Samsung Group heir Jay Y. Lee, embroiled in a bribery scandal, on Wednesday made a rare apology over controversial succession plans and said he will not hand over management rights to his children at the family-controlled conglomerate.
His first public statement in five years came after the Supreme Court in August overturned an appeals court ruling on the bribery case, raising the possibility of a tougher sentence and potential return to jail for the chief of South Korea’s biggest conglomerate.
“We failed, at times, to meet society’s expectations. We even disappointed people and caused concern because we did not strictly uphold the law and ethical standards,” the 51-year-old Lee told a press conference at the company’s Seoul office.
He also apologised for the behaviour of executives caught sabotaging labour union activities, and vowed to guarantee labour rights at the tech giant.

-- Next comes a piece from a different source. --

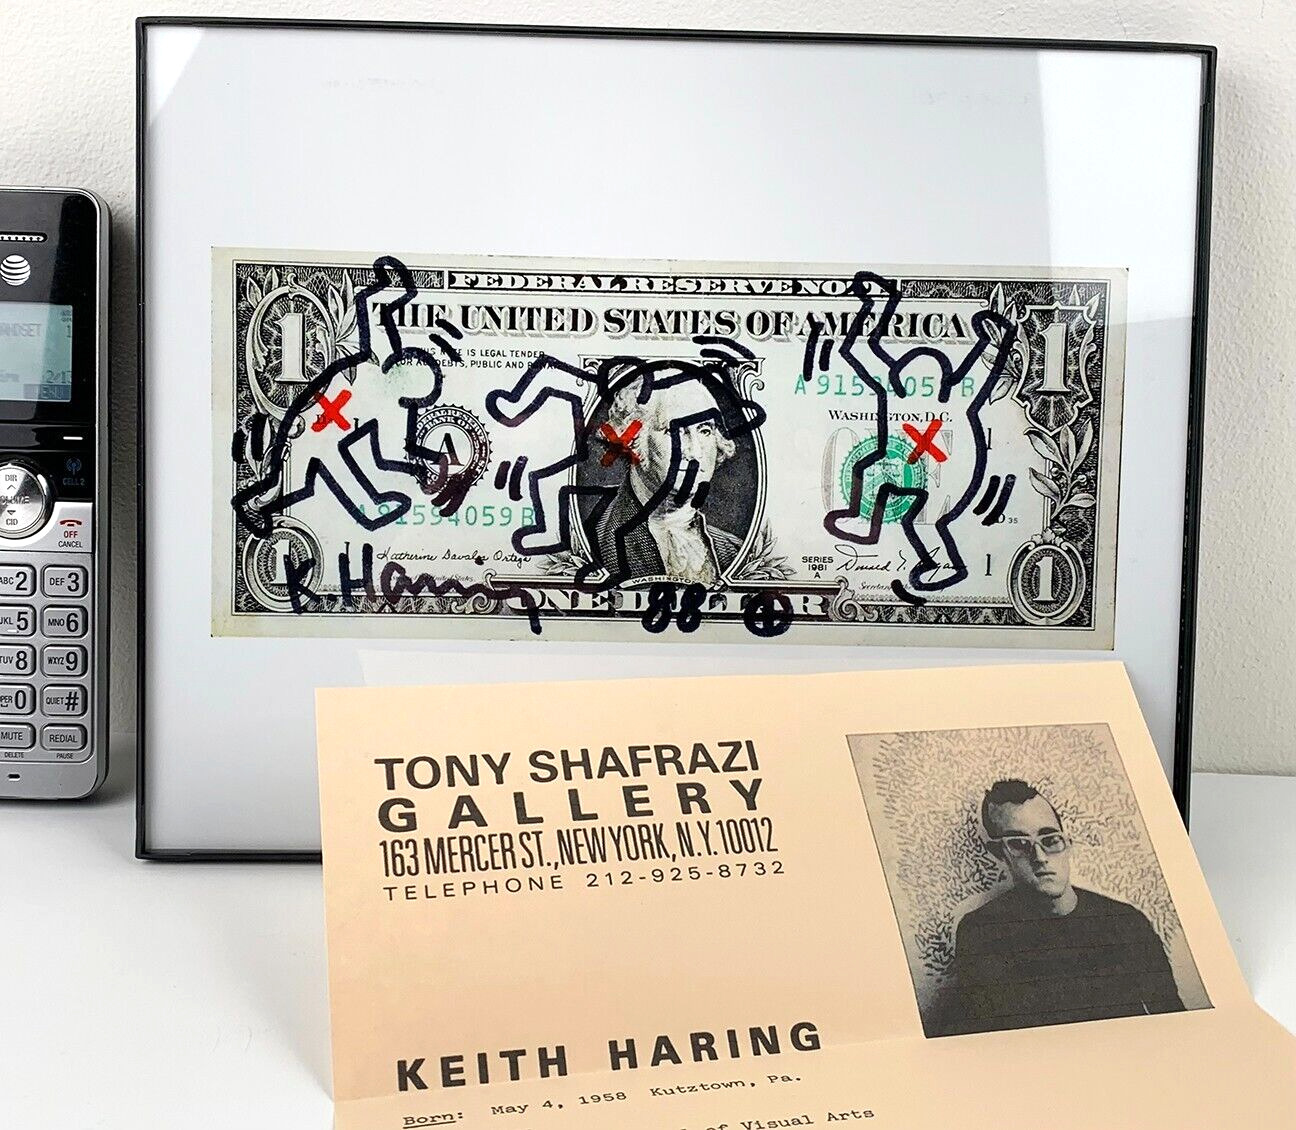 KEITH HARING - Signed Dollar Bill - 3 Dancers w/ Gallery Resume 1980s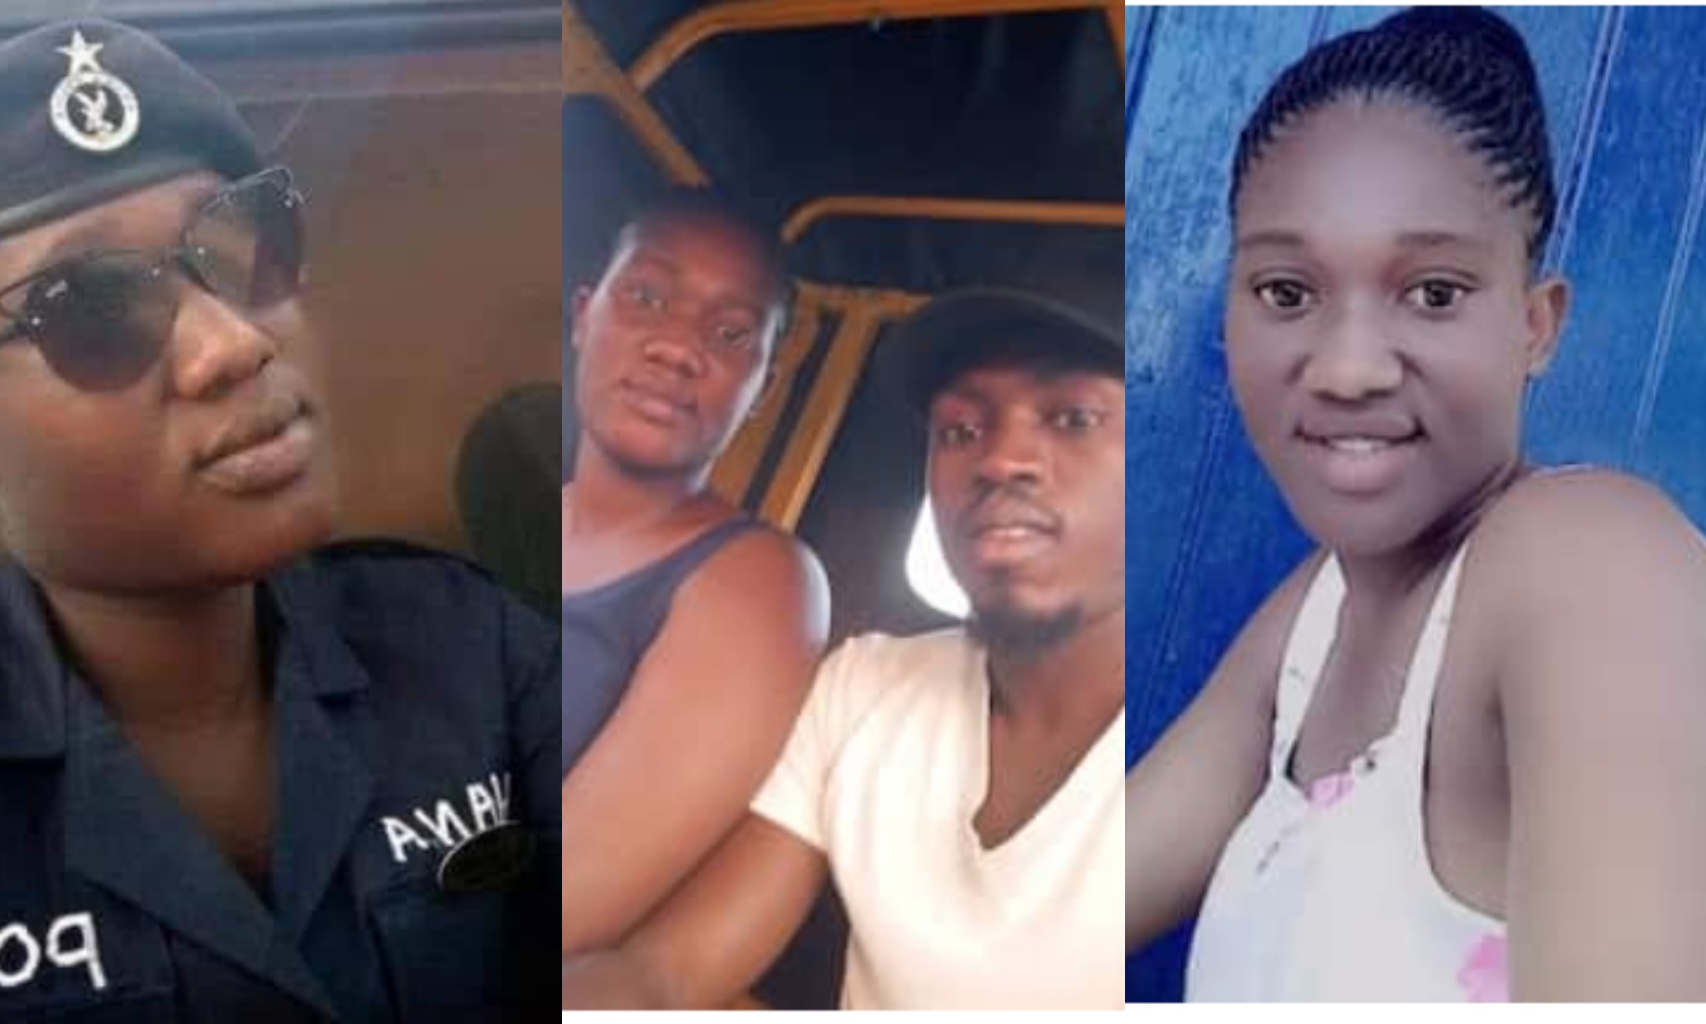 “WE LIVE AND DIE TOGETHER” – Alleged Killer And Boyfriend Of Slain ...

Some of Samsung Group’s former and current executives have been investigated or convicted in other cases. For example, then-board chairman of Samsung Electronics Co Ltd, Lee Sang-hoon, was jailed in December for sabotaging union activities. He has since resigned and lodged an appeal.
Lee’s remarks come after Samsung Group’s oversight panel in March advised him to apologise over the handling of succession, labour and others issues, and pledge to prevent any repeat of governance violations.
In January, Samsung set up the compliance committee after a judge overseeing Lee’s bribery case criticised the conglomerate for its lack of an effective compliance system to prevent executive wrongdoing.
However, the committee, headed by a former supreme court judge, has faced scepticism from governance experts who called it a gesture aimed more towards securing leniency in court.
“Both apology and promise are vague. He did not specifically address what he has done wrong,” said Kim Woo-chan, a professor of finance at Korea University Business School.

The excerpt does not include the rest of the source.